# Exercise details
Please write out exactly the line containing "Presentación de iOS" below and every line after it, through the last one, but leave out any pictures.

# Dataset section

#####

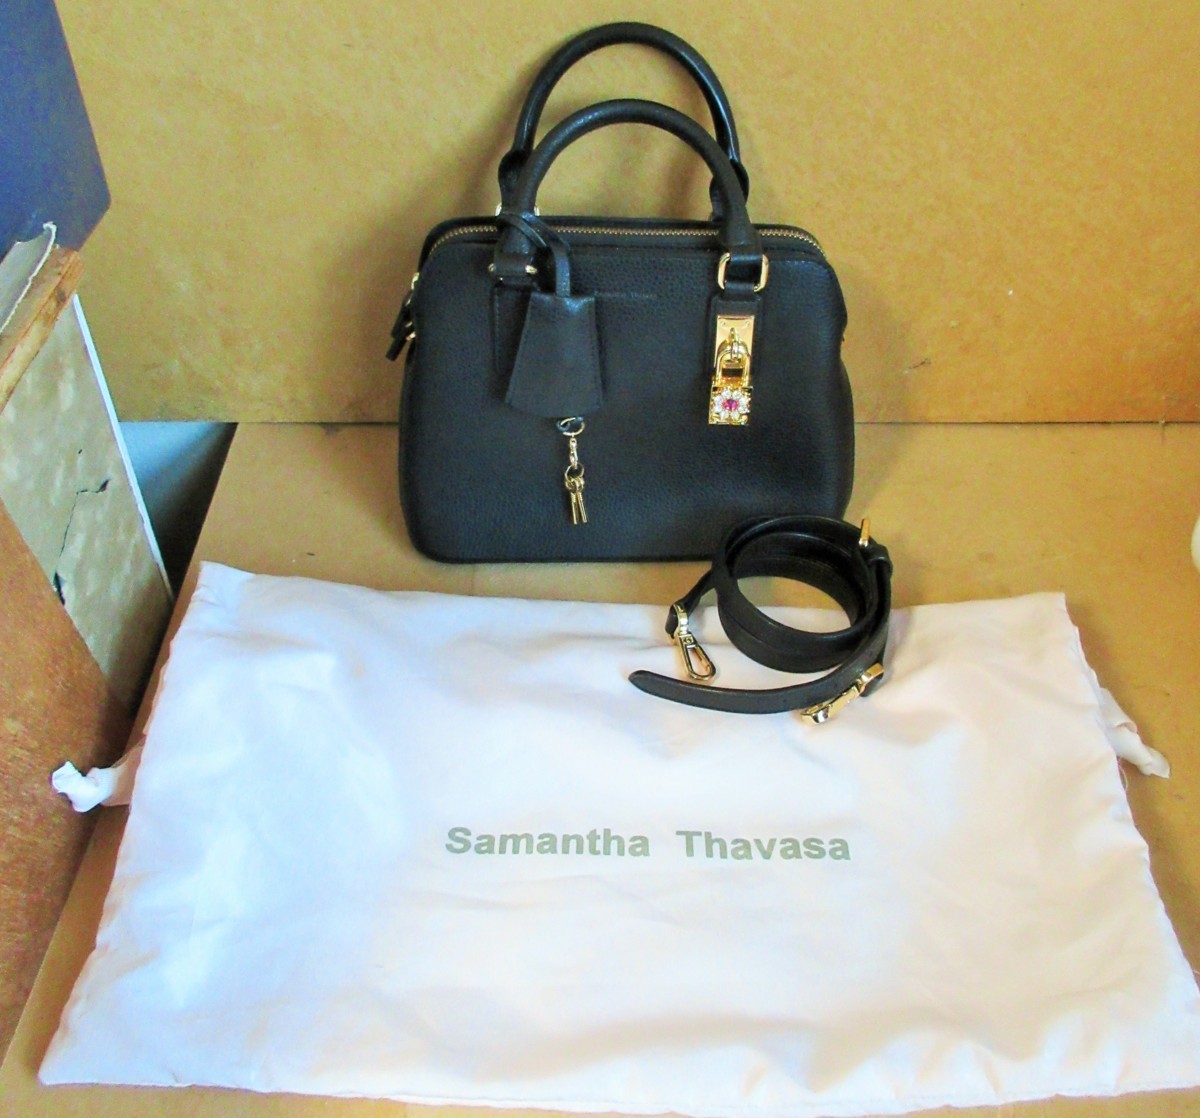 * Samantha Thavasa Samantha Thavasa 1810130261reti my n. ability to raise. bag black * stylish . lovely 4,991 jpy 
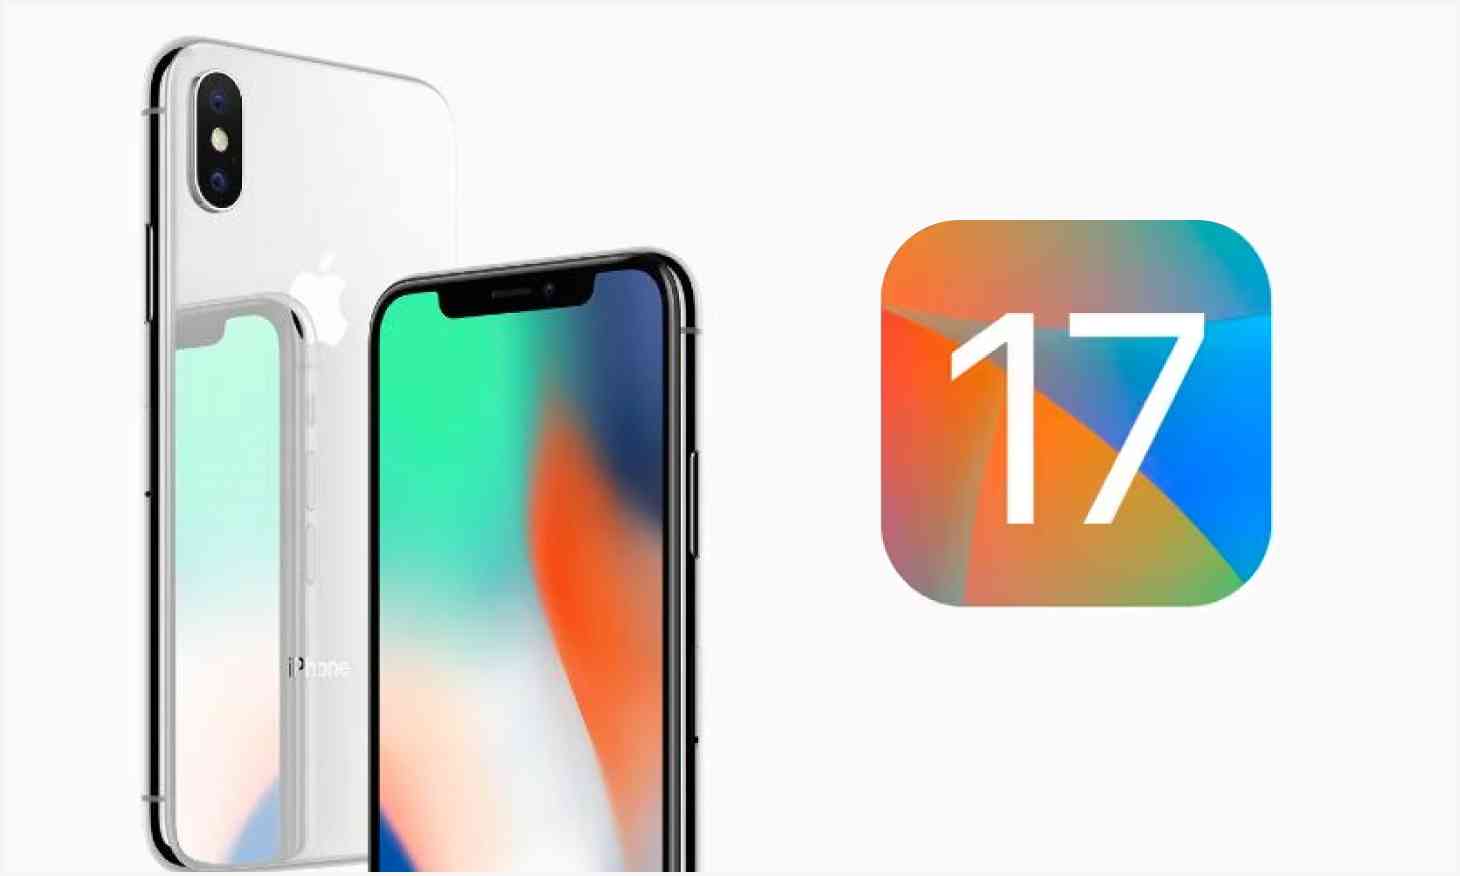 Presentación de iOS 17: ¿el iPhone X tendrá iOS 17?
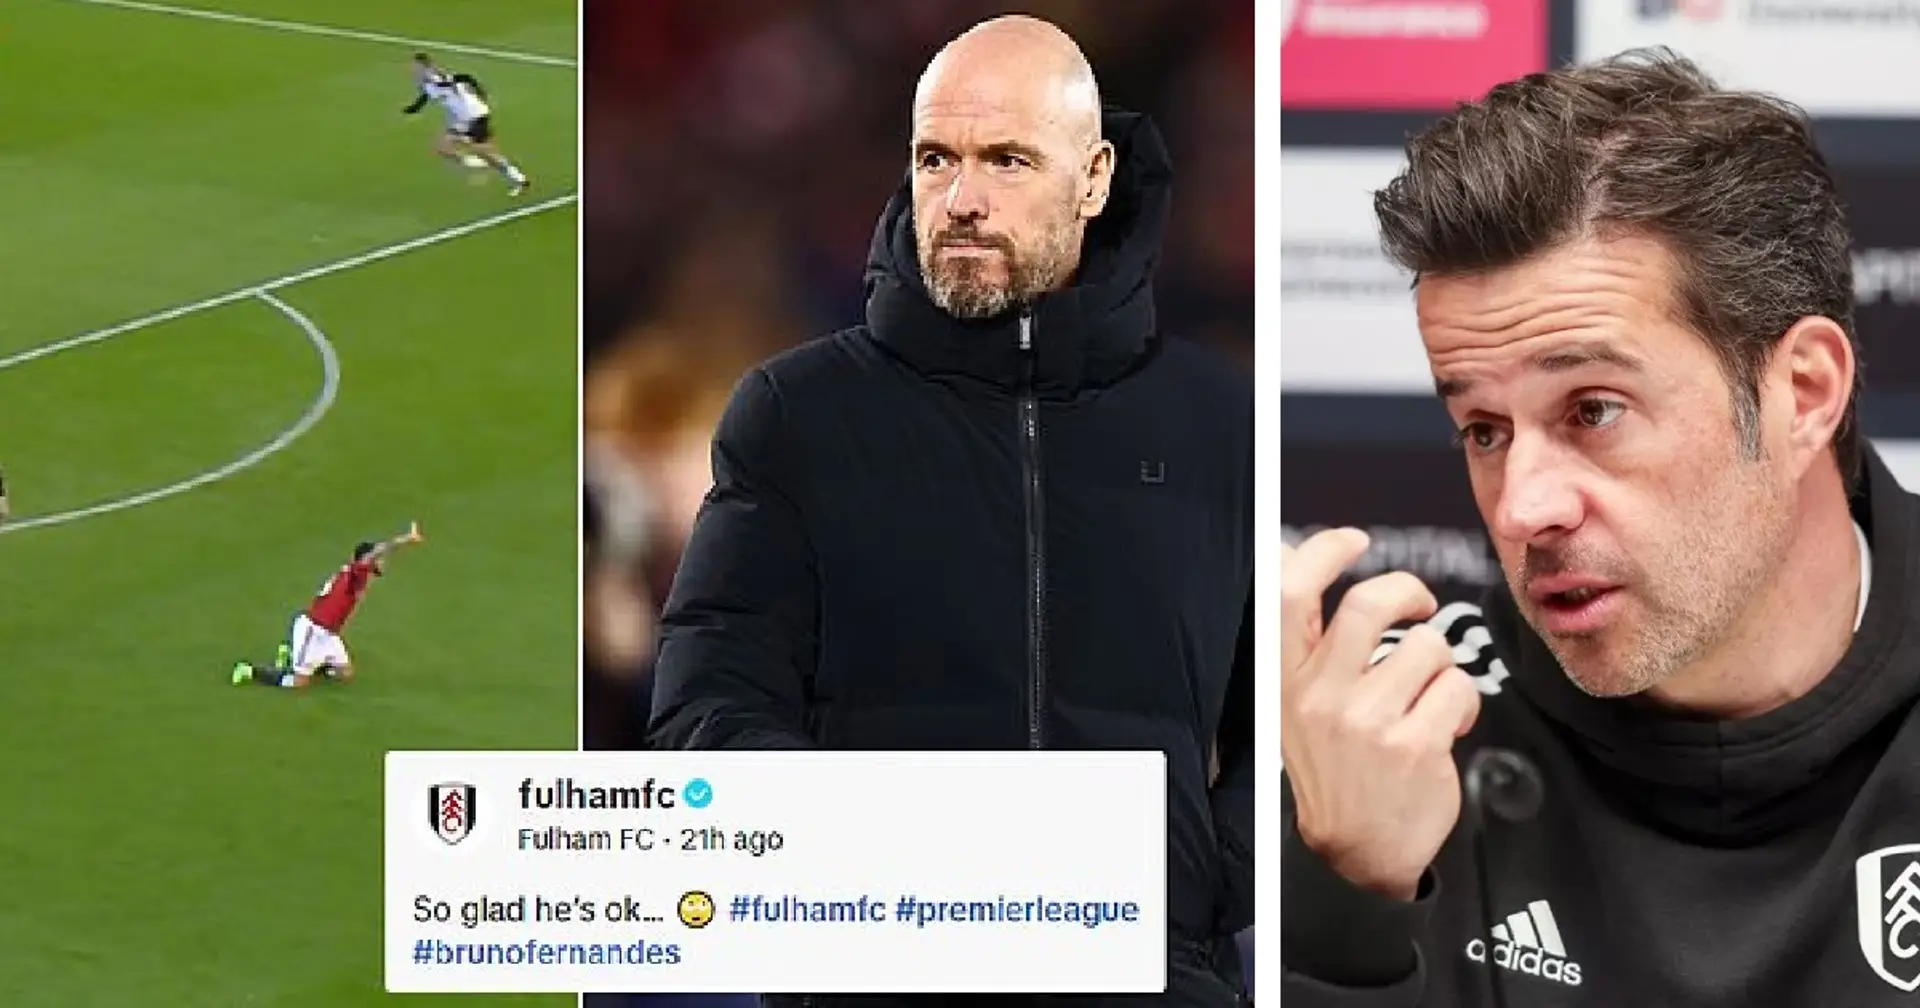 "Ten Hag défend son joueur": l'entraîneur de Fulham refuse de s'excuser pour une vidéo se moquant de Bruno Fernandes

#####

# Result
 Presentación de iOS 17: ¿el iPhone X tendrá iOS 17?
 "Ten Hag défend son joueur": l'entraîneur de Fulham refuse de s'excuser pour une vidéo se moquant de Bruno Fernandes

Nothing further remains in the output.